** Exercise objective **
An exact restatement of all the data is required, with the pictures left out.

** Data shown follows **

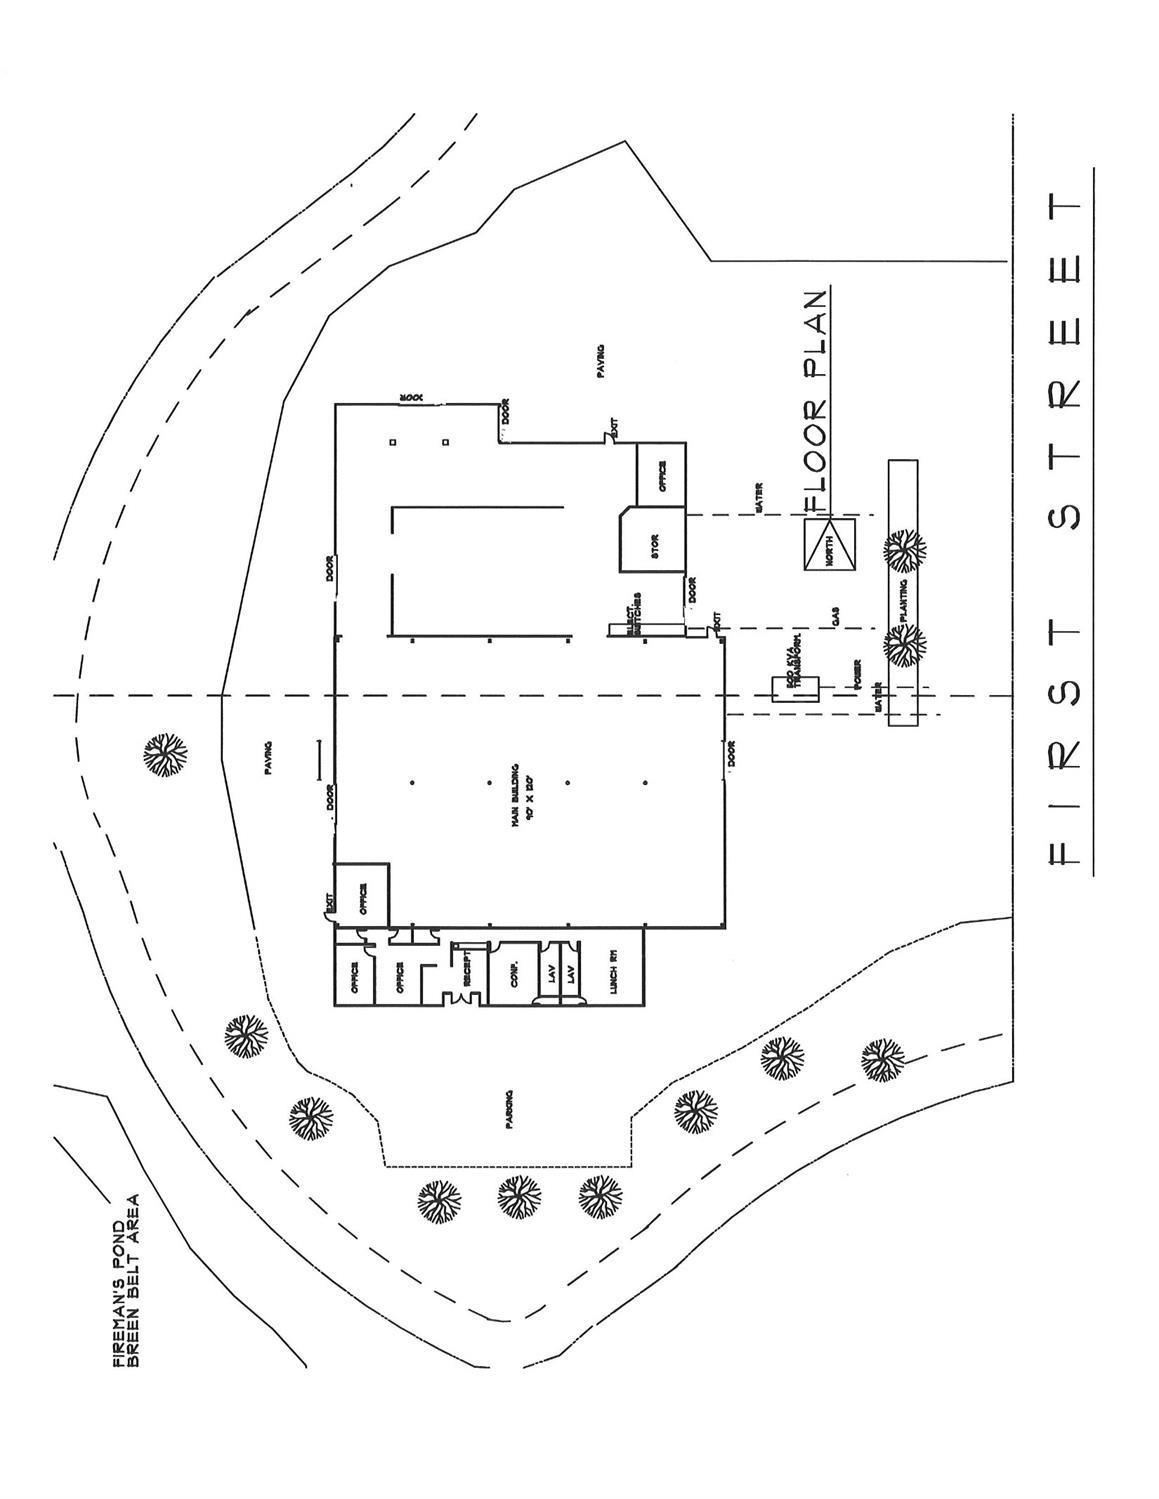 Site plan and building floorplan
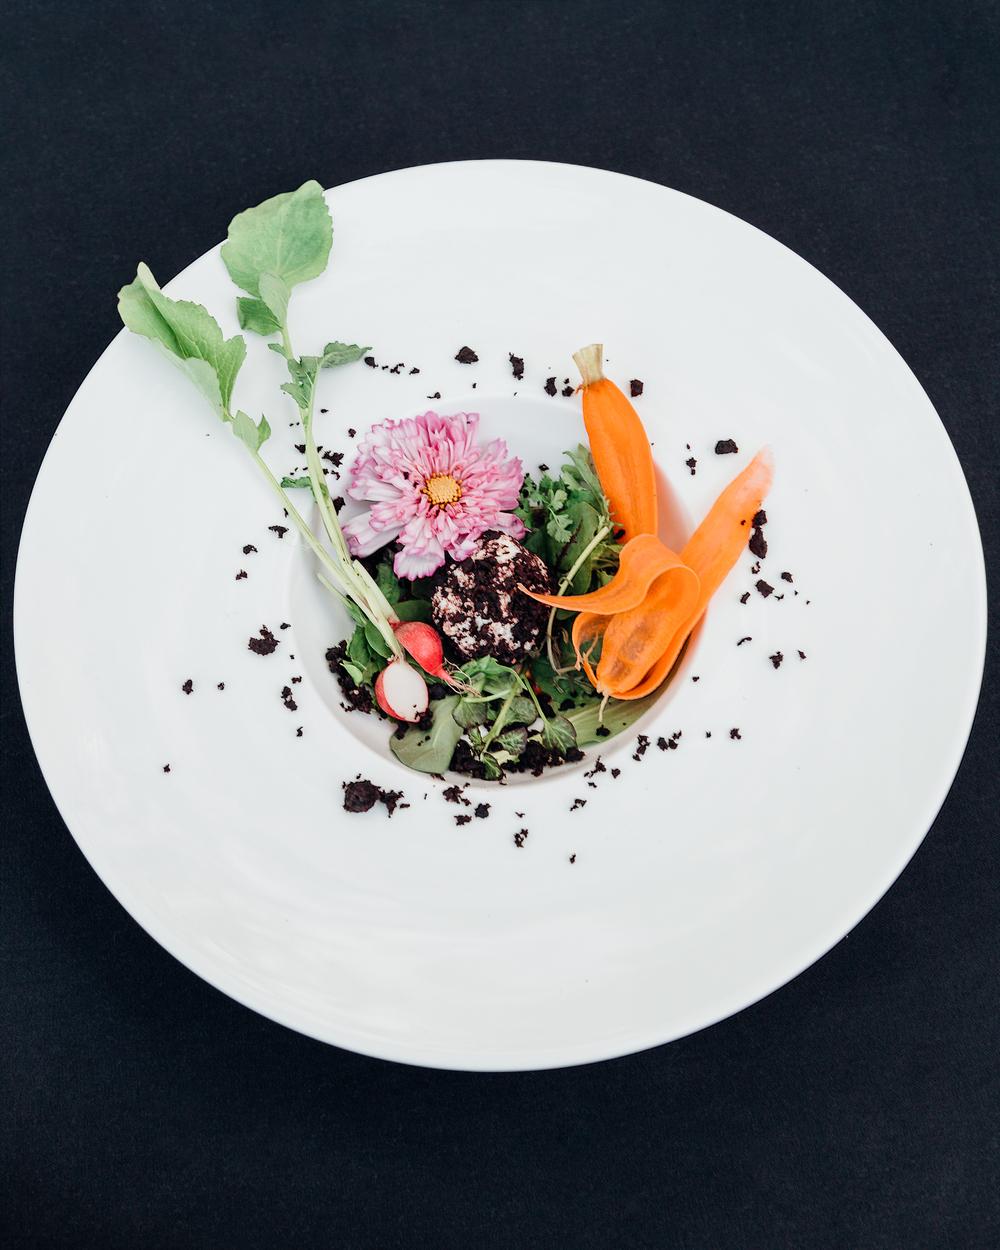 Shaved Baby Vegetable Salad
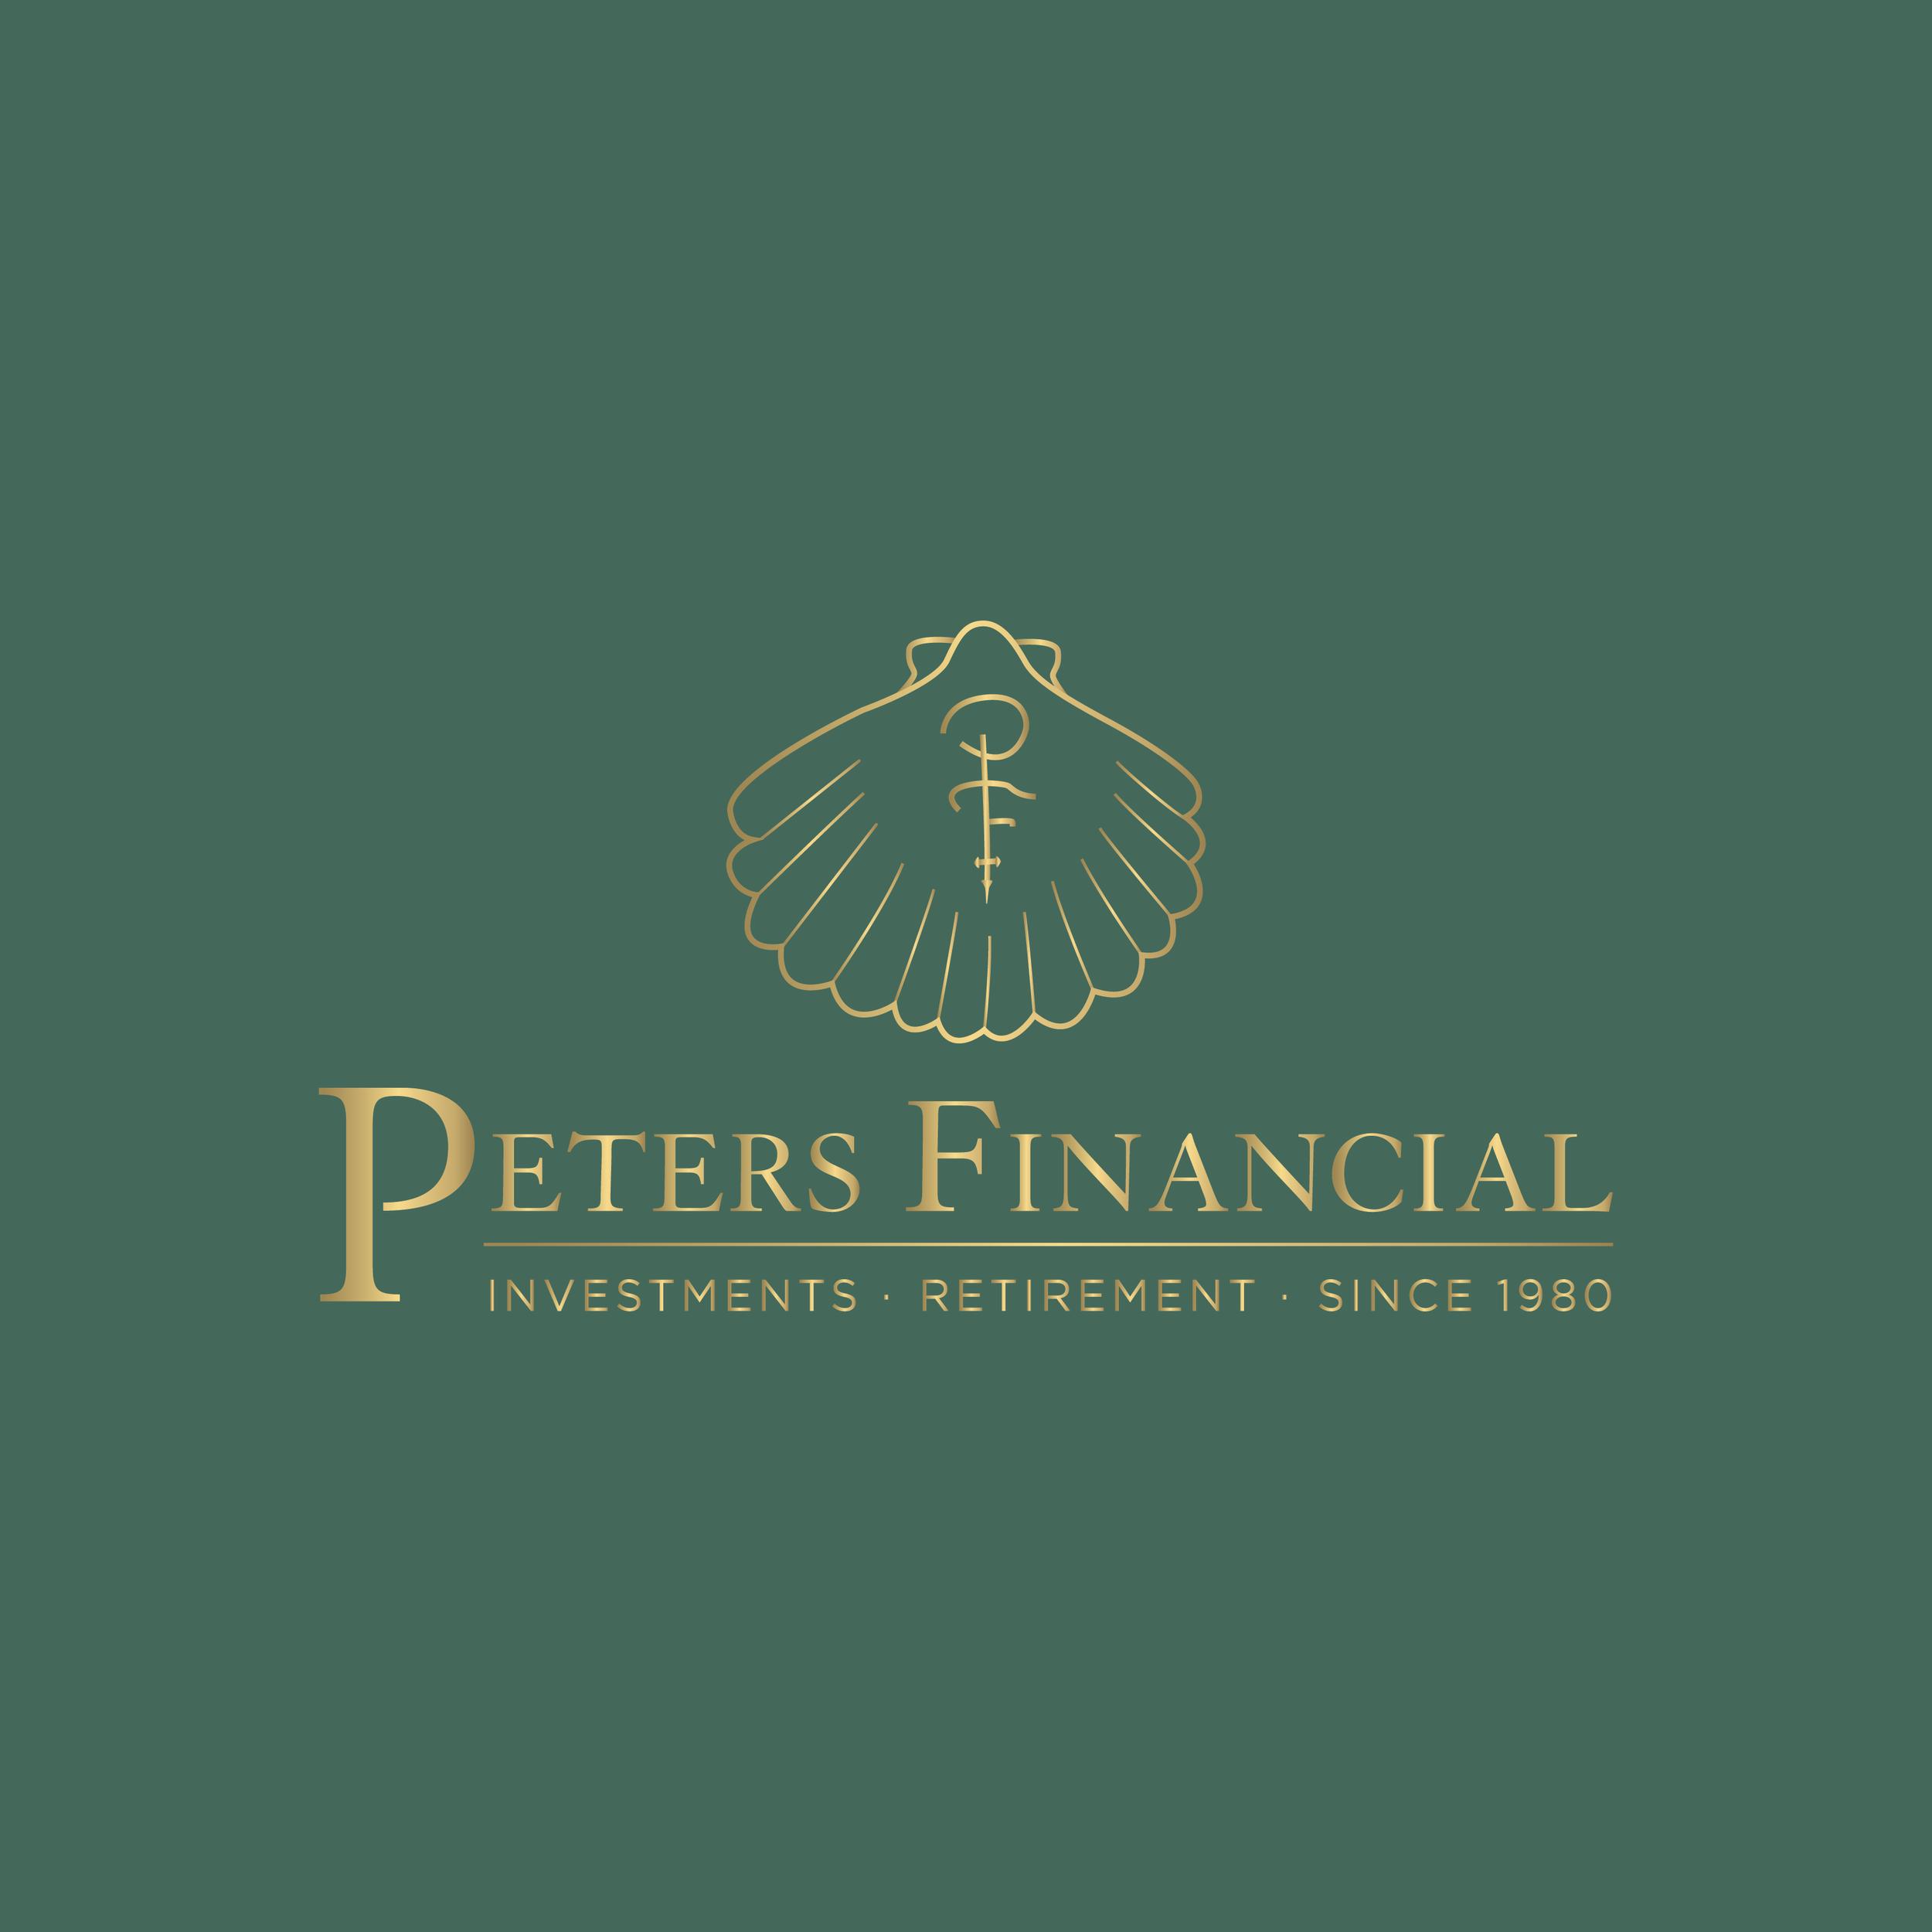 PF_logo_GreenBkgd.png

** End of Data shown **

** Output of the exercise **
 Site plan and building floorplan
 Shaved Baby Vegetable Salad
 PF_logo_GreenBkgd.png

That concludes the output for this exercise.